If the city does not lead us astray, a few of its agents try to: a perfectly accomplished task if the foreign traveler were to ever take their instructions seriously (literally, that is). Fortunately, the foreigner who asks for directions does not expect instructions for use from the wayfinding local, but only a Menippean satire for their little corner of the city, a macaronic, a description expressed in the local creole (he hears the local out: he lends him the ear of a foreigner: a hospitable ear). The dilettante or professional wayfinders try their best to waylay the traveler, their vocabulary is chosen with much care (but with an improvisational tone), and a familiar though hesitating syntax (informal frankness, offset by the cadences of a diplomat); ambivalence is meted out word by individual word, or resides since time immemorial in the local language, in every one of its locutions, in each one of its proverbs–it’s known how difficult a principle as the crow flies can be in a city of one-way streets and roundabouts, it’s known that the original division of space into right and left becomes problematic as soon as the right of the local resident is not the right of the traveler, and that their notions of left diverge from the start. Also, the remarks of the local regarding his small portion of city are not refuted by the foreigner alone (as soon as he continues on his way), but by the whole city: on every street corner it knows how to refute the opinion its inhabitants form of it.

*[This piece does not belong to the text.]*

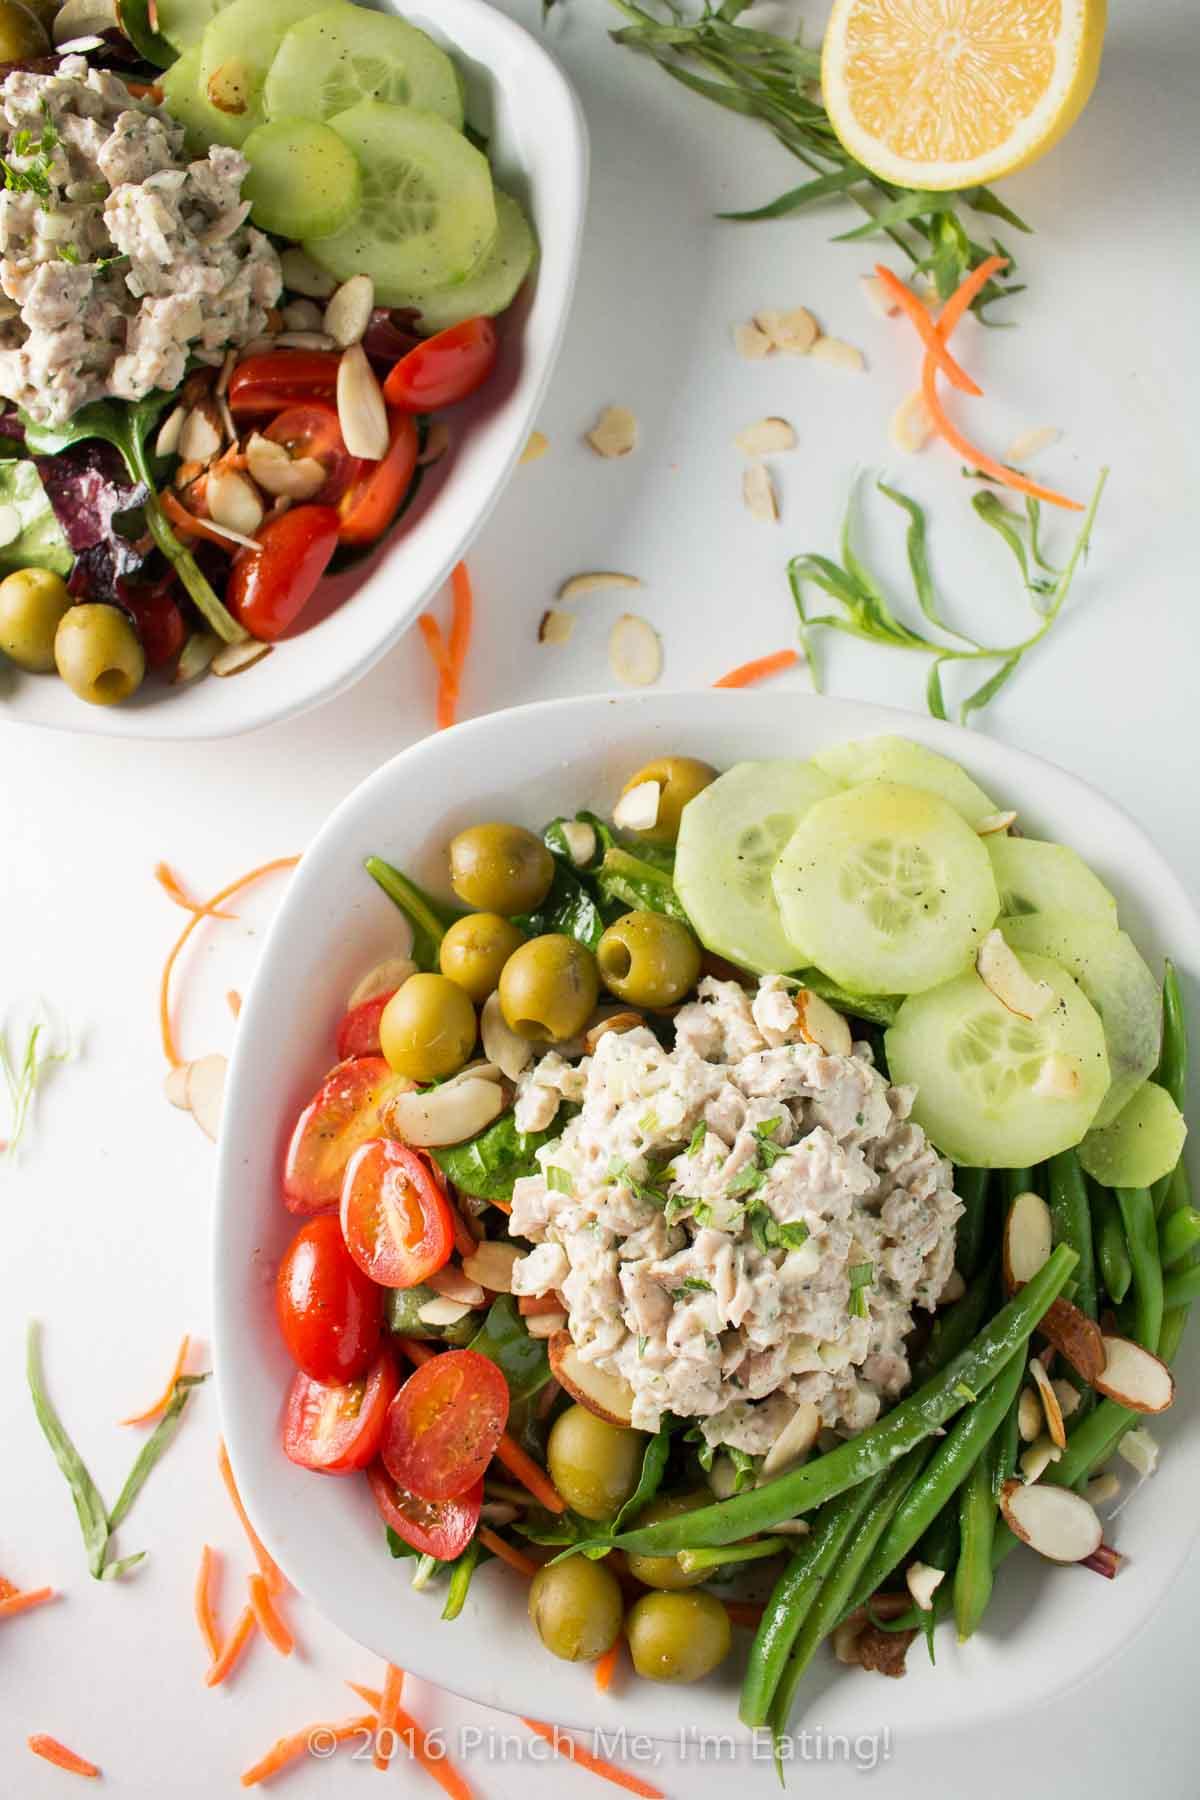 Montreal Chicken Salad

The sovereign architect will see to it that agents of this sort be posted in his new city at regular intervals, amateur or professional wayfinders, employed full-time or intermittently: either a solitary individual in charge of a cluster of cats, or an old lady, a grandmother to each and all, who passes her time walking up and down the street between her stewpot and the vegetable vendors, or other old racegoers, who smoke yellow cigarettes and wear a specific model of cap, or a local sage, dressed in a bathrobe, or some carefully selected new recruits to the ranks of the unemployed (it’s important that the wayfinder have at his or her disposal the entirety of their free time, from the morning dawn to the evening crepuscule, proprietor of all the day’s hours (and so much a proprietor that they not be completely at his or her disposal: rather like the chastity of the eunuch within the thousand-gated harem); he or she needs to be able to understand duration, because under no circumstances should the reply he or she gives be contained in a single word or sentence: the directions of the wayfinder, I know this from experience, have their beginning, yet no end).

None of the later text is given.